OCR text mangled after passing through Ghostscript (3.05.00dev) #357

jbarlow83 · 2016-06-25T00:37:41Z

The attached input file in1.pdf was generated by Tesseract 3.05.00dev. I modified it to extract only the first page using pdftk to reduce the size; results are unaffected by this.

in1.pdf
out1.pdf

(The user who forwarded the file to me confirmed that it can be released publicly.)

The OCR text of in1.pdf begins as follows – no problems here:

JP. Morgan (Suisse) SA

Account n“ 7973101
Geneva, 3rd June 2016

The problem manifests after passing the file through Ghostscript 9.18 to refry the PDF, with no other changes...

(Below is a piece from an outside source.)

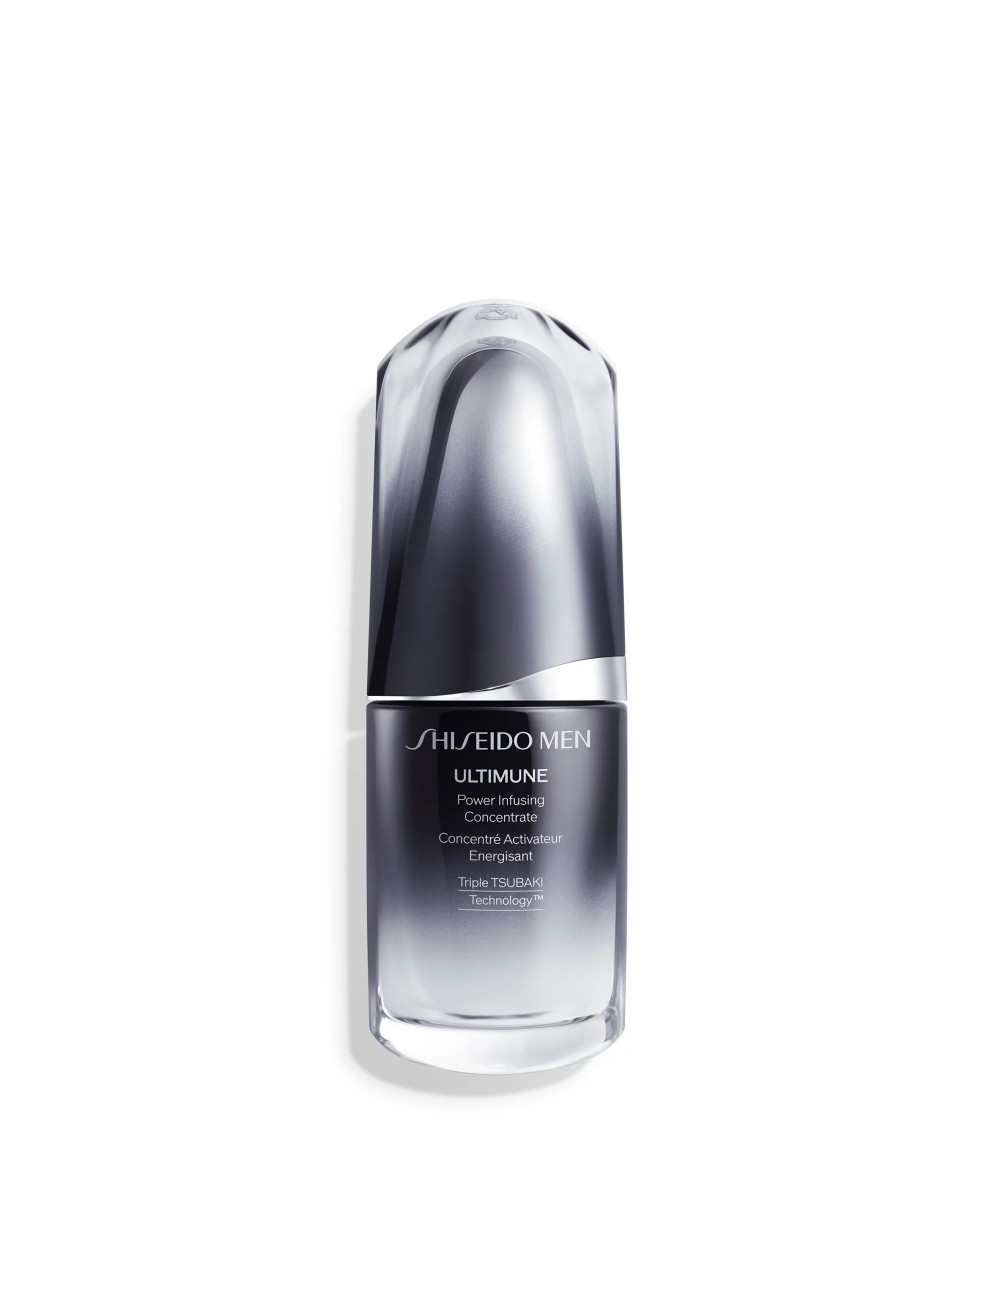 MEN ULTIMUNE power infusing concentrate 30 ml

gs -dBATCH -dNOPAUSE -q -sDEVICE=pdfwrite -o out1.pdf in1.pdf

The OCR text is mangled by the insertion of spaces after each recognized letter, and line breaks after certain words (from pdftotext), and loss of spaces so that the word boundaries are gone "3rdJune2016". Normally one would pass some other parameters to Ghostscript such as PDF/A conversion, but regardless of parameters the OCR text is mangled.

J P .

M o r g a n

A c c o u n t n

( S u i s s e ) S A

7 9 7 3 1 0 1

G e n e v a , 3 r d J u n e 2 0 1 6

When viewed in Acrobat XI, every other letter is highlighted. This text is unusable for searching.

I'd be happy to bring up with the Ghostscript people, but I have feeling that there's something unusual about how Tesseract generates OCR text in PDFs that causes Ghostscript to mishandle them, rather than the converse.

I tried discarding the OCR information, rasterize the PDF as an image, and then running OCR on the image again using tesseract 3.04.01 and the updated pdf.ttf ("sharp2.ttf"). Specifically I used

ocrmypdf -f --pdf-renderer tesseract in1.pdf out1_3.04.01.pdf

Pinging @jbreiden since you worked with me on the pdf.ttf issues...

The text was updated successfully, but these errors were encountered:

jbreiden · 2016-06-25T17:48:41Z

I worked extensively with Ken Sharp on ghostscript compatibility and thought we were in pretty good shape. Not sure what the story is here.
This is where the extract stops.